Paraneoplastic REG1α Cast Nephropathy Associated With Mixed Acinar-Neuroendocrine Carcinoma.

Introduction

Paraneoplastic syndrome refers to clinical manifestations of a malignancy that are not directly related to the tumoral burden or direct invasion but rather to substances secreted by the tumor, including peptides, cytokines, and tumor antigens. Membranous nephropathy is the most common solid cancer–associated paraneoplastic kidney lesion, whereas myeloma cast nephropathy (MCN), amyloid light-chain amyloidosis, and minimal change disease are the most frequent kidney lesions associated with hematologic malignancies. We present a rare case of paraneoplastic myeloma-like cast nephropathy associated with mixed acinar-neuroendocrine carcinoma (MANC). Proteomic and immunohistochemical (IHC) analysis revealed that the tubular casts were composed of regenerating protein 1 alpha (REG1α).

Case Presentation

A 38-year-old man presented with a 2-month history of abdominal discomfort, early satiety, nausea, vomiting, and weight loss. His personal and family medical histories were unremarkable. He was found to have a serum creatinine of 299 μmol/l, rising to 1044 μmol/l 7 days later. Laboratory findings on admission are shown in Table 1. Serum protein electrophoresis with immunofixation did not show monoclonal protein.

Table 1

Laboratory findings on admission

Parameter	Value (reference range)
Serum creatinine (μmol/l)	1008 (60–120)
Blood urea nitrogen (mmol/l)	28.5 (3.0–7.5)
Sodium (mmol/l)	127 (135–145)
Potassium (mmol/l)	6.0 (3.5–5.0)
Calcium (mmol/l)	2.15 (2.10–2.55)
Phosphate (mmol/l)	3.11 (0.80–1.50)
Serum albumin (g/l)	22 (35–50)
Hemoglobin (g/l)	130 (137–180)
Hematocrit	0.38 (0.40–0.54)
Platelets (109/l)	405 (150–400)
White blood cell count (109/l)	11.2 (4.0–11.0)
Neutrophils (109/l)	9.1 (2.0–8.0)
Serum protein electrophoresis with immunofixation	No M-spike

On examination, he had ascites (5 l). An abdominal computed tomography scan revealed ascites and nodular studding of the peritoneum, with a thickened omentum and mesentery, consistent with peritoneal carcinomatosis. The kidneys showed no evidence of obstruction or involvement by the tumor. A biopsy specimen of the omental tumor was obtained and was initially reported as an adenocarcinoid, but on subsequent review it was consistent with MANC of the pancreas.

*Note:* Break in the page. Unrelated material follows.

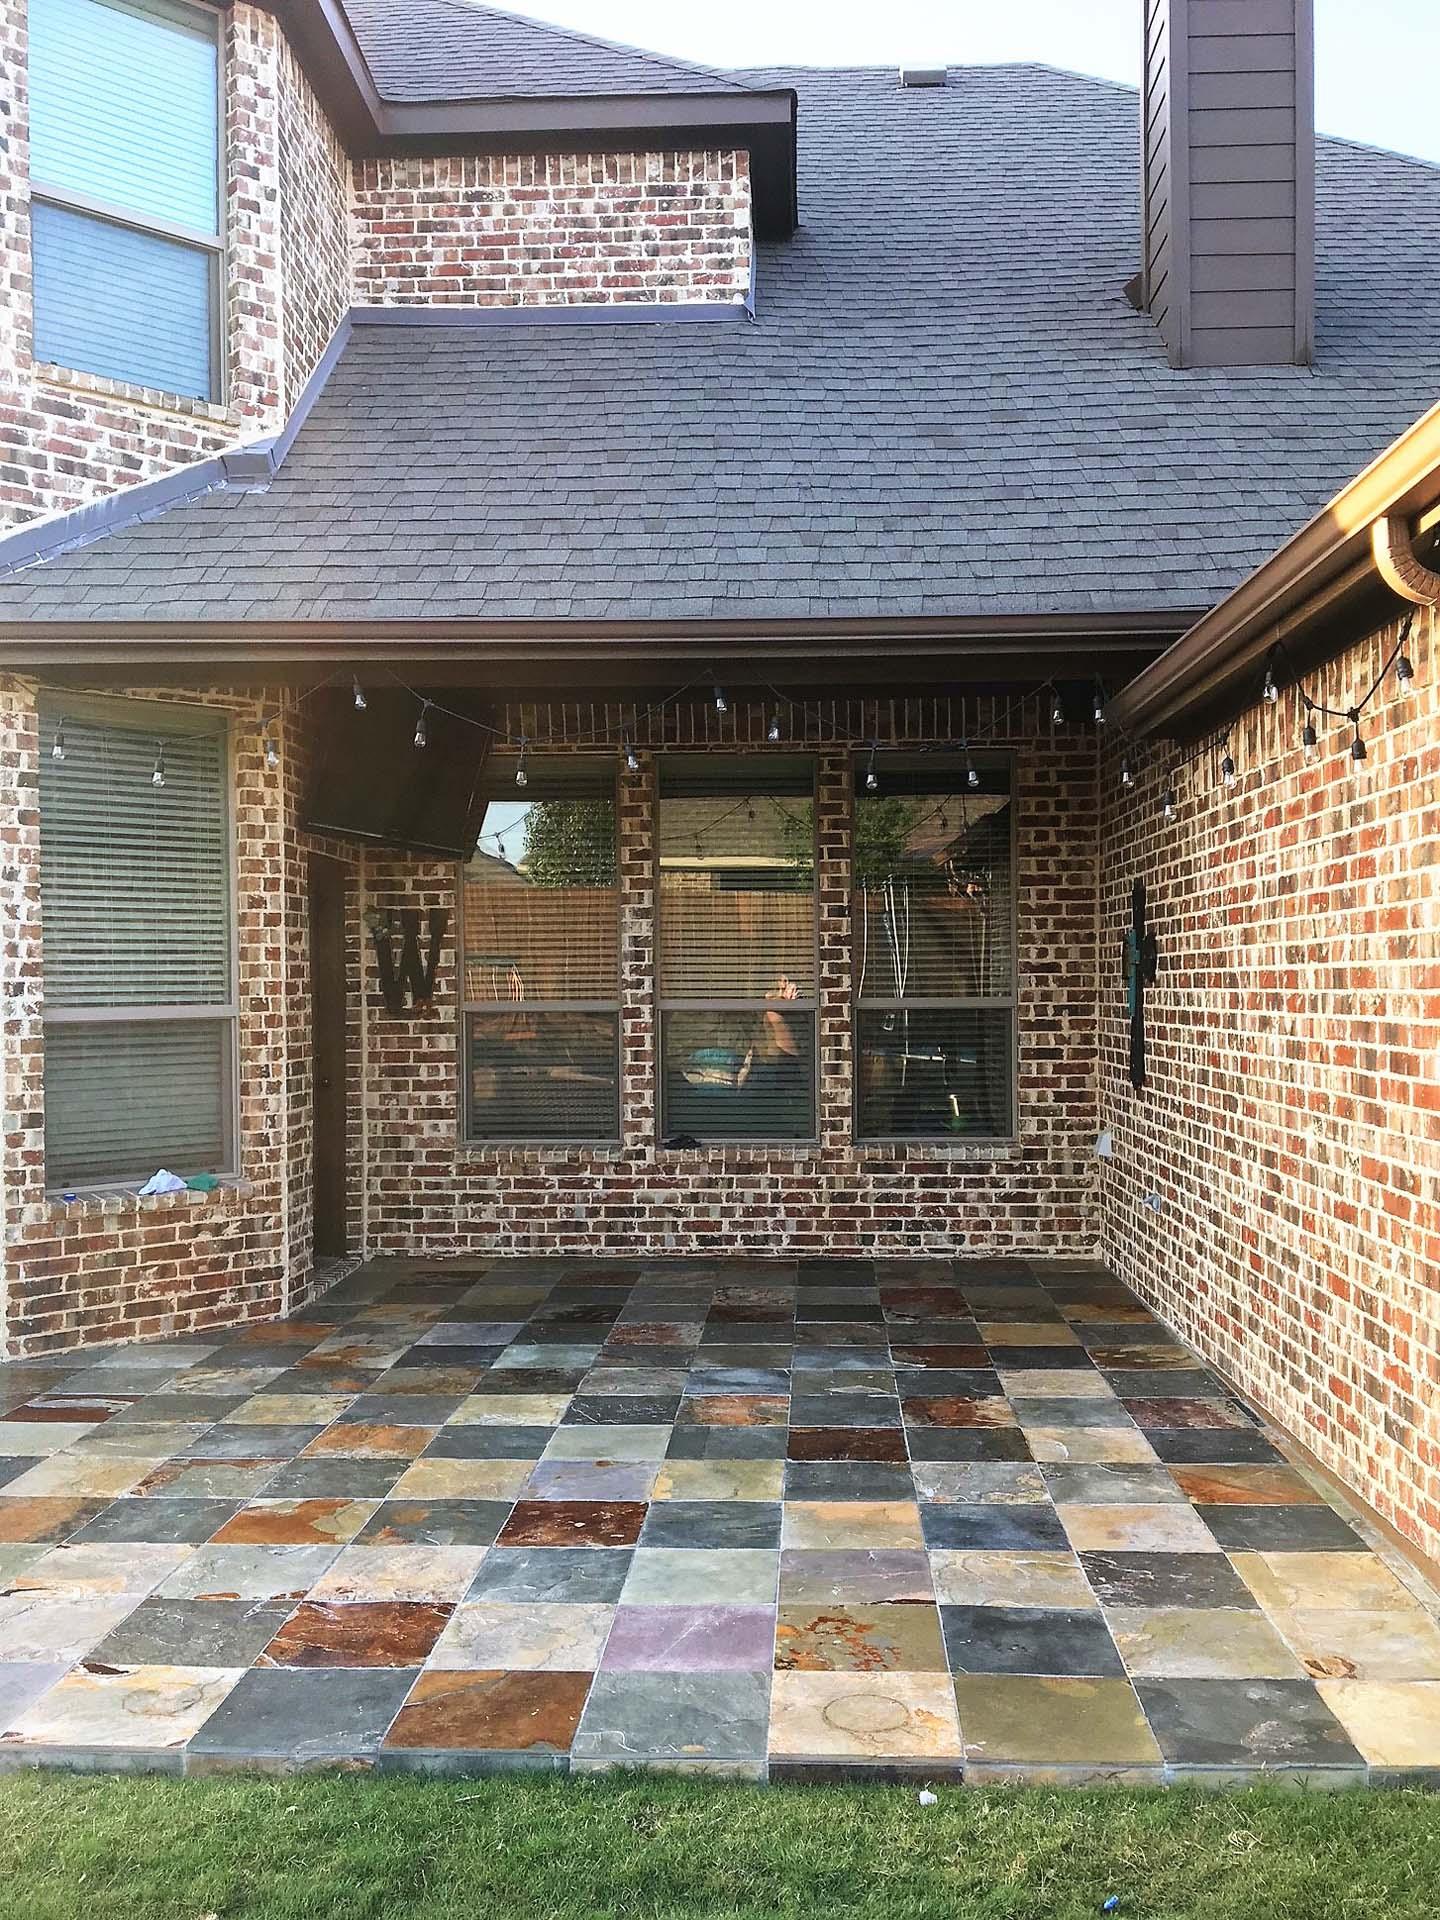 6 Slate Porch Tile
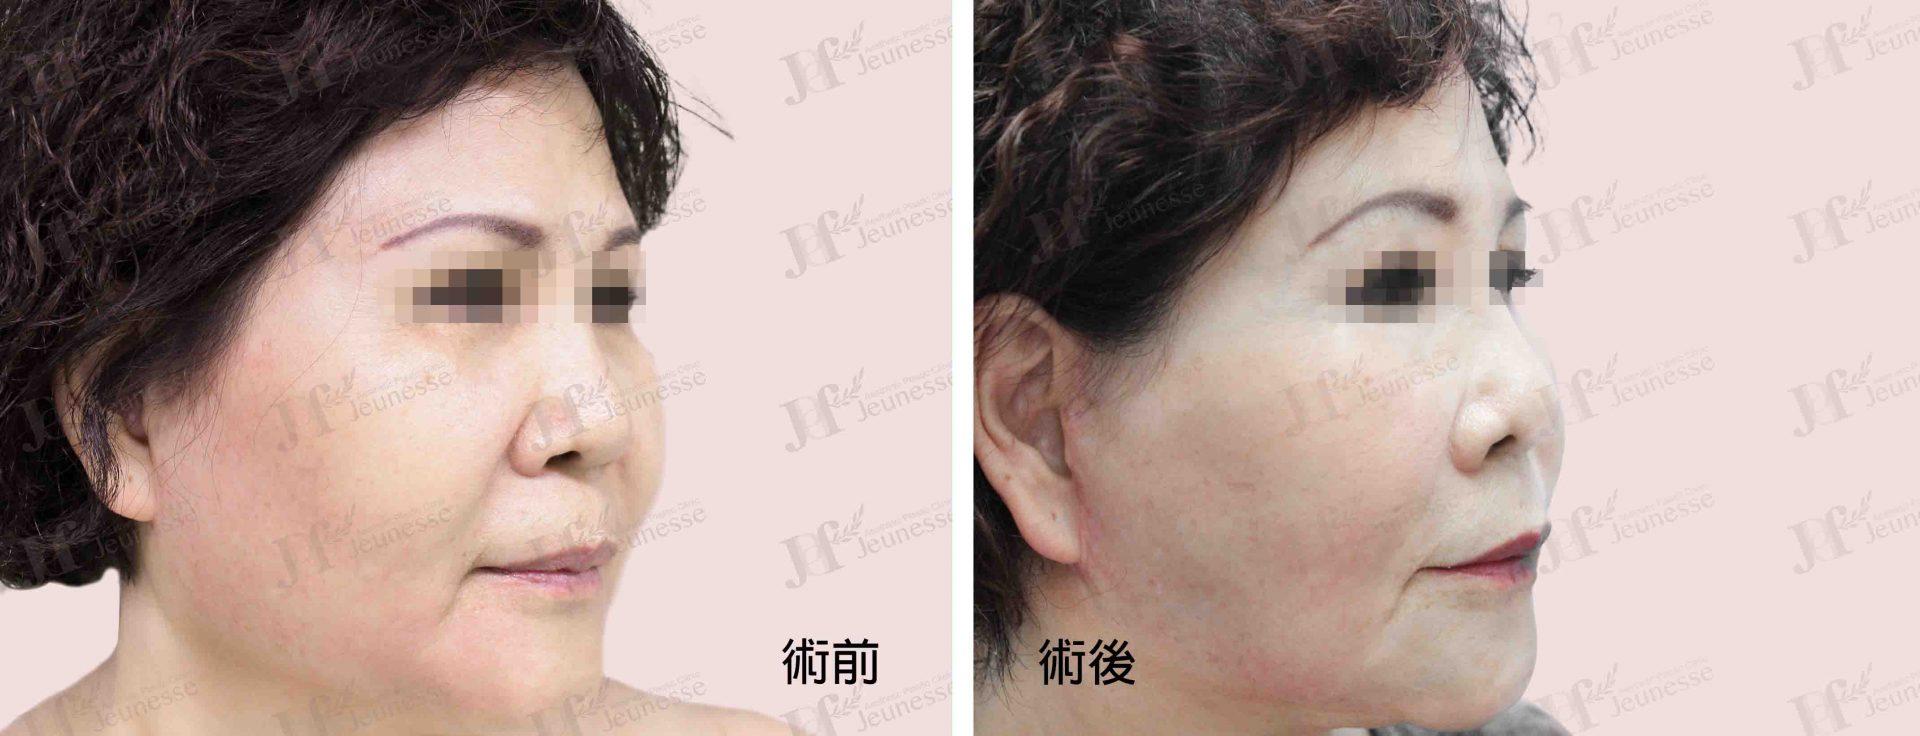 Midface lifting case 2 45度-浮水印

The patient was started on hemodialysis. The tumor was inoperable, and chemotherapy was considered, but the patient died before additional therapy could be begun, 3 weeks after undergoing the biopsy procedure.

Autopsy Findings

An autopsy revealed an extensive tumor burden throughout the peritoneal cavity. The pancreas was completely infiltrated by the tumor, suggesting pancreatic origin. The bone marrow showed no excess of plasma cells, and there was no lymphadenopathy.

The pancreatic neoplasm was composed of uniform epithelioid cells with round nuclei and prominent nucleoli, arranged in solid nests with focal areas of pseudoglandular formation (Supplementary Figure S1). Frequent mitoses were present. IHC characterization showed diffuse tumor staining for synaptophysin, trypsin, carboxypeptedase A1 (CPA1), REG1 (Supplementary Figure S1), chromogranin, and pan keratin. The histology and IHC profile supported a pathologic diagnosis of MANC. Electron microscopy (EM) on tumor cells revealed zymogen granules consistent with acinar differentiation.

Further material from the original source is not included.